The best Westerns have the unique ability above any other genre to visually show pages of commentary on the complicated nature of morality in a violent world and 3:10 to Yuma does just that with great brevity. Its most insightful message is how after all the shooting and mayhem, the man who can fight with his words rather than his guns or his fists is the one who truly wins.

Friday, September 7, 2007

Stardust

“Stardust”

USA. 2007. Directed by Matthew Vaughn. Screenplay by Jane Goldman and Matthew Vaughn. Based on the novel by Neil Gaiman and Charles Vess. Starring: Charlie Cox, Claire Danes, Michelle Pfeiffer, Robert De Niro, Sienna Miller, Nathaniel Parker, Kate Magowan, Mark Strong, Jason Flemyng and Peter O’Toole.

Rating: ★★★

It’s been some time since a real fairy tale like The Princess Bride has hit theaters and Stardust is a creatively crazy one. There may be one too many imaginative ideas in this fantasy mix of swashbuckling, evil witches, greedy princes, and, yes, even a cross-dressing pirate but the ambitious concoction is more than refreshing in a summer filled with sequels and retreads. And the central story breathes renewed life into the concept of stargazing.

The film, based on the novel by Neil Gaiman and Charles Vess and narrated by the duly recognizable voice of Ian McKellen, introduces Tristan Thorn (Charlie Cox) who lives in England with his father, Dunstan (Nathaniel Parker). He is initially unaware, however, that his mother, Una (Kate Magowan) was actually a slave girl in a fantasy land from beyond called Stormhold.

He is at first smitten with Victoria (Sienna Miller). In order to dissuade her from marrying another man whom he loses to in a pitiful duel, he sets out to retrieve a shooting star that they see falling in Stormhold.

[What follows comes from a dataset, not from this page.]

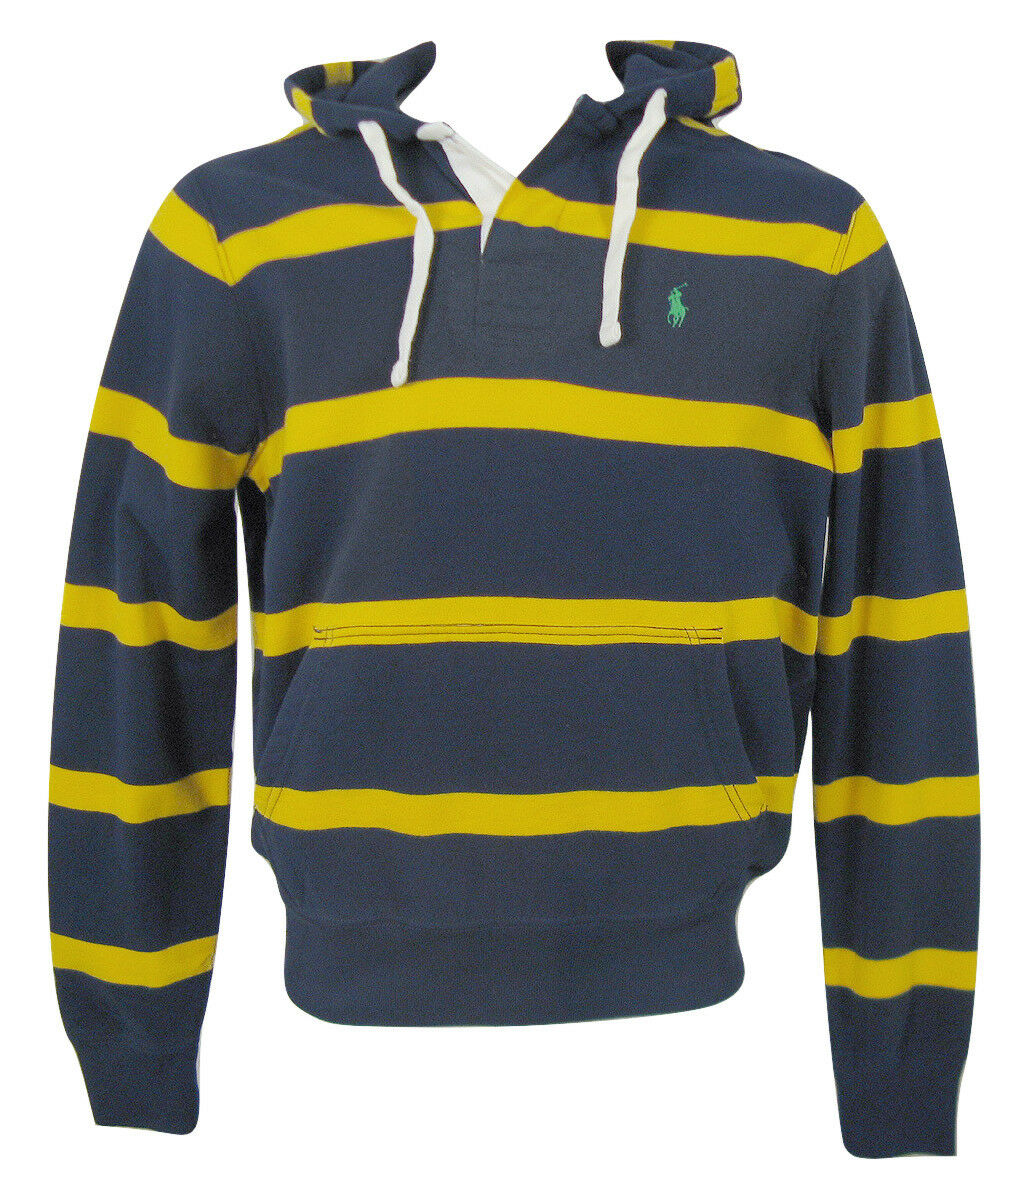 NEW Polo Ralph Lauren Rugby Style Hoodie Sweatshirt   grau, Navy, Grün or ROT
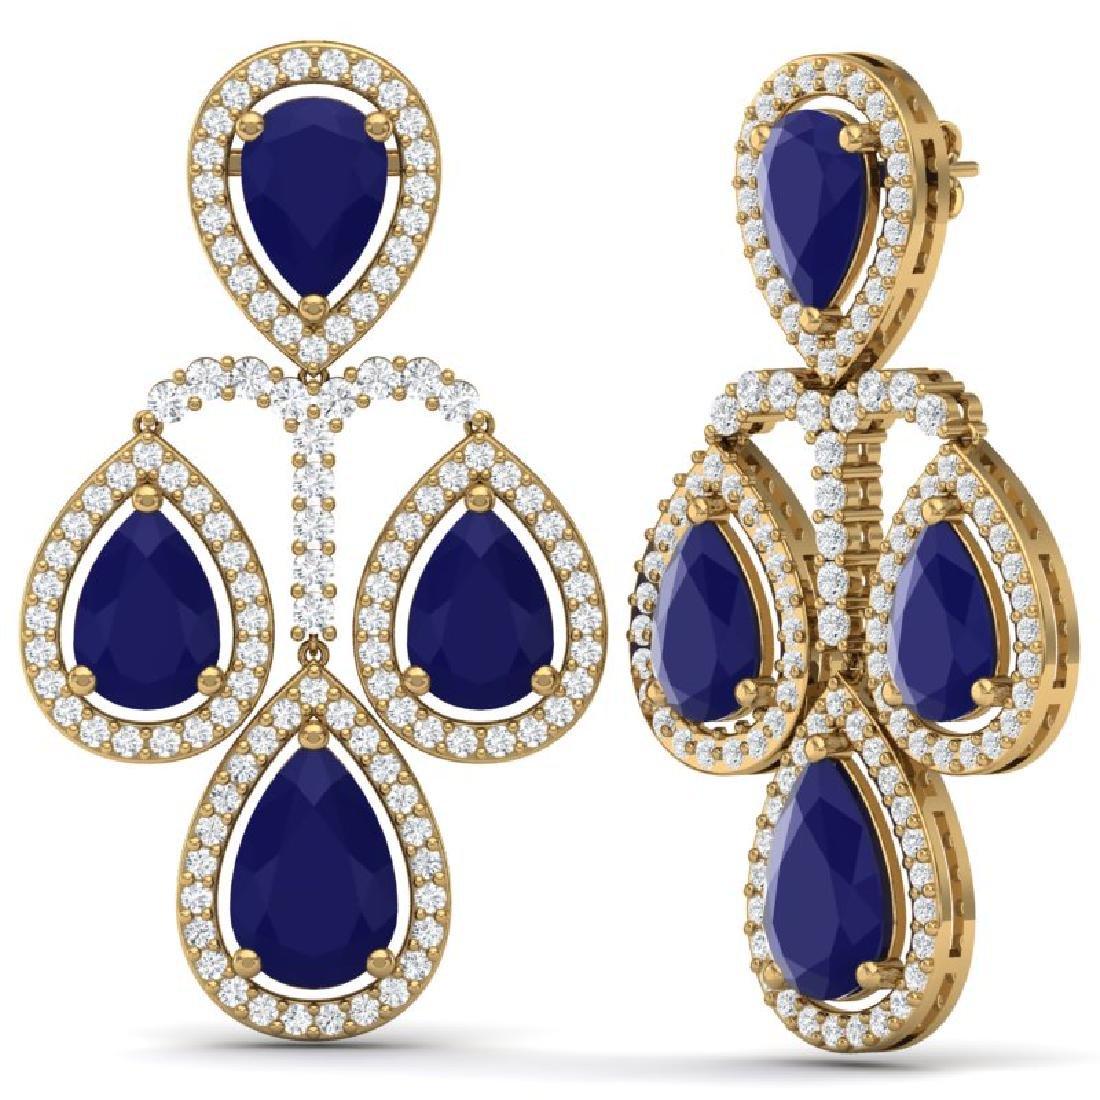 29.23 CTW Royalty Sapphire & VS Diamond Earrings 18K - 3

With the star will arrive a rare stone whose bearer will determine the next heir to the king (Peter O’Toole).

That star is Yvaine (Claire Danes), a beautiful young woman with long, flowing blonde hair reminiscent of none other than Goldilocks. Tristan finds her after his father tells him about a magic candle that was left behind by his mother and uses it to cross over to Stormhold. He is not the only one who is seeking for her, however, including no less the seven princes greedy for the stone she is wearing and a group of evil witches, Lamie (Michelle Pfeiffer), Empusa (Sarah Alexander) and Mormo (Joanna Scanlan) who want to perform a ritual on her to attain immortal youth.

Amidst this adventure, Tristan will, of course, come to protect Yvaine from the greedy princes and the witches and he will eventually realize that he loves Yvaine and not Victoria. After all, as the old saying goes, how can he resist a shining star that is literally aligned to him? It’s a nice touch that she literally glows even brighter when she feels the emotion of love. It also helps that Cox and Danes have a sweet and natural onscreen chemistry together, even if their fairy tale innocence is marred a bit by the fact that their characters actually fall into bed.

As with most fairy tales, however, the side characters are the scene stealers and the filmmakers went for top-shelf actors to cast these roles. First mention goes to Robert De Niro as that transvestite pirate who trains Tristan in swordplay and Yvaine in waltzing. He scores enormous laughs whether cross-dressing in his closet in the midst of a ship attack or utters the film’s funniest line, “Do you ever try to remove blood stains from silk shirts? Nightmare!” There is also some morbid humor in how the greedy princes turn into lingering ghosts complaining about their fates. Michelle Pfeiffer, meanwhile, gets to play a juicier, meaner and slightly more risqué rendition of the evil Queen from Snow White, much to the chagrin and jealousy of her sisters and our amusement. That leads to a truly loopy fight scene where Cox enters a swashbuckling duel with a dead body controlled by Pfeiffer via a voodoo doll.

The film may not quite achieve the sweep of The Princess Bride with its side plots (De Niro’s character, funny as he is, is really an obvious deus ex machina) but its abundance of rich ideas and laughs is worth cherishing. And Shakespeare the playwright would have been vastly amused by his own Romeo & Juliet and Hamlet influences in the story. His own populating of colorful characters might not have been a perfect fit for a fairy tale but if he had ever penned one, it might have turned out as something like Stardust.